As lawyers, very few of us have been forced to make the impossible choice
between missing work to stay home with a sick child and losing a days
pay that is needed to feed the children dinner or pay the heat bill. Most
of us are fortunate to take for granted sick time, vacation and health care
benefits, choices in child care, reliable transportation and the flexibility
to meet lifes demands. Low-income families cannot take these kinds
of supports for granted. When working with low-income and working poor families,
we urge you to consider that access to government benefits may be the difference
between having a home and being homeless, whether a parent can care for
a disabled or special needs child or whether a single parent can have access
to day care so that he can return to work.
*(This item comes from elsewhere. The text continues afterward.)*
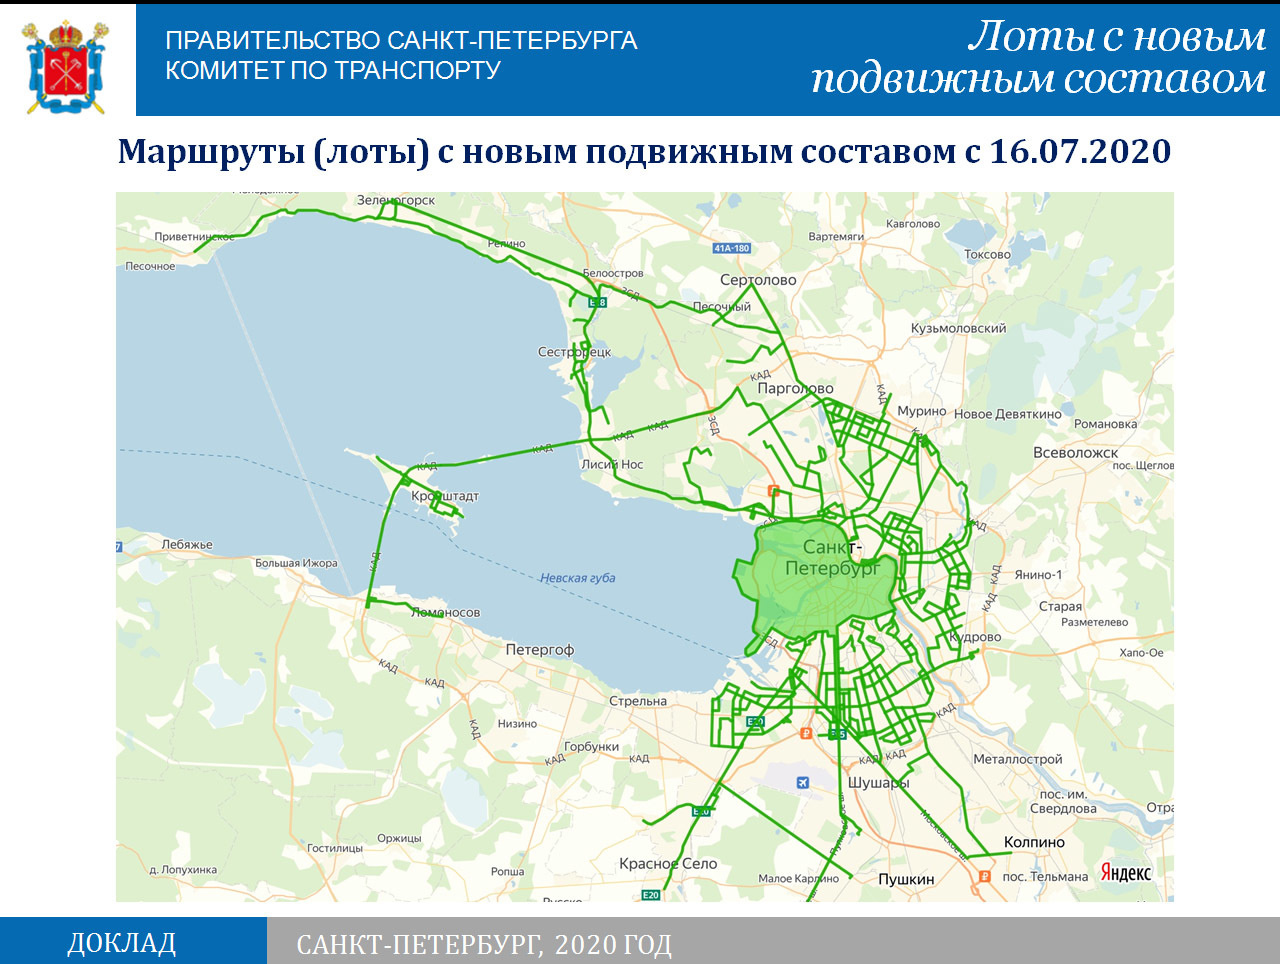 Комитет по транспорту Санкт-Петербурга

These benefits can make all the
difference in a childs life.
We recommend that you download and print this check-list
and keep it at the front of every file to assist you in conducting a comprehensive
investigation that produces a thorough report for the court and may connect
poor families to much needed social services.
10 things to always think about when representing low-income
children in family law matters:
- Have you complied with standards and rules for GALs?
- Is the child eligible for state funded health insurance?
- Does the family qualify for government assistance?
- Food Stamps
- Earned Income Tax Credit
- General Assistance
- Fuel Assistance
- Subsidized Housing
- Have the parents attended parenting education courses?
- Are there allegations of domestic violence?
- Do the parents or children need mental health services?
- Are the children having trouble in school?
- Are you able to work with the parents to reduce the conflict
in the family?
- Are you being sensitive to issues of poverty and culture?
- Are you focused on the best interest of the child?